API

This part of the documentation documents all the public classes and functions in pomp.

Contrib

Urllib

Downloader and middleware implementations.

  • Downloaders: Fetches data by standard urllib.urlopen (Python 3.x) or urllib2.urlopen (Python 2.7+)
class pomp.contrib.urllibtools.UrllibAdapterMiddleware

Middlerware for adapting urllib.Request to pomp.core.base.BaseHttpRequest

class pomp.contrib.urllibtools.UrllibDownloader(timeout=None)

Simplest downloader

Parameters:timeout – request timeout in seconds
class pomp.contrib.urllibtools.UrllibHttpRequest(url, data=None, headers={}, origin_req_host=None, unverifiable=False, method=None)

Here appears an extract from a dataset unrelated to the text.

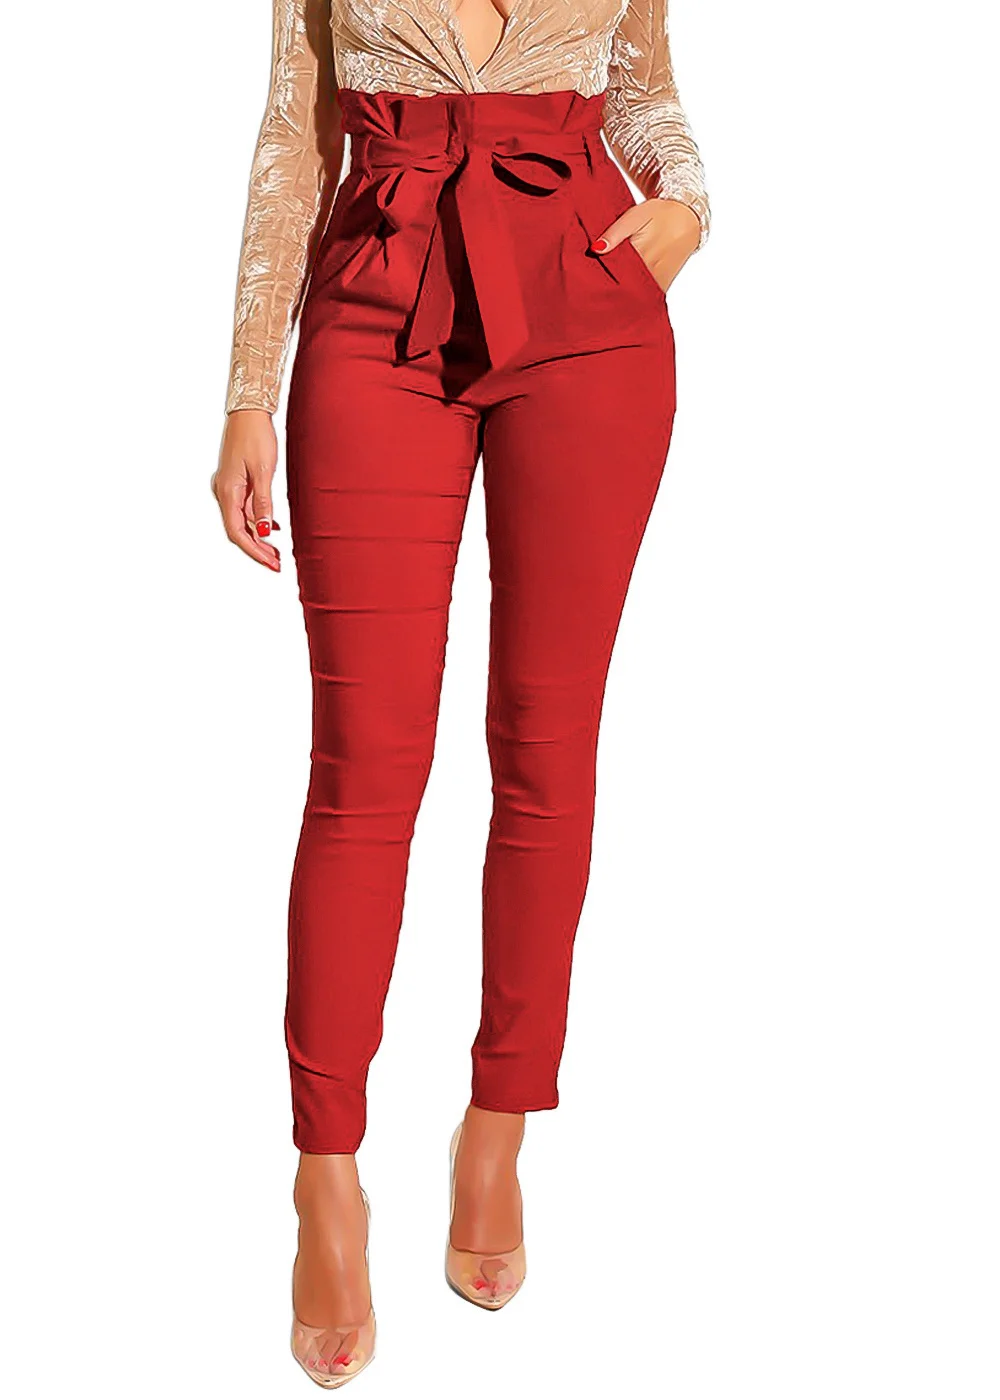 Dressmecb Solid Red Casual Pants Women Pants High Waist Ruched Bow Pencil Pants Female Summer Fashion Autumn Long Trousers 2021 plus size clothing

Adapter for urllib request to pomp.core.base.BaseHttpRequest

class pomp.contrib.urllibtools.UrllibHttpResponse(request, response)

Adapter for urllib response to pomp.core.base.BaseHttpResponse

Concurrent future

Concurrent downloaders

class pomp.contrib.concurrenttools.ConcurrentCrawler(worker_class, worker_kwargs=None, pool_size=5)

Concurrent ProcessPoolExecutor crawler

Parameters:
  • pool_size – pool size of ProcessPoolExecutor
  • timeout – request timeout in seconds
class pomp.contrib.concurrenttools.ConcurrentDownloader(worker_class, worker_kwargs=None, pool_size=5)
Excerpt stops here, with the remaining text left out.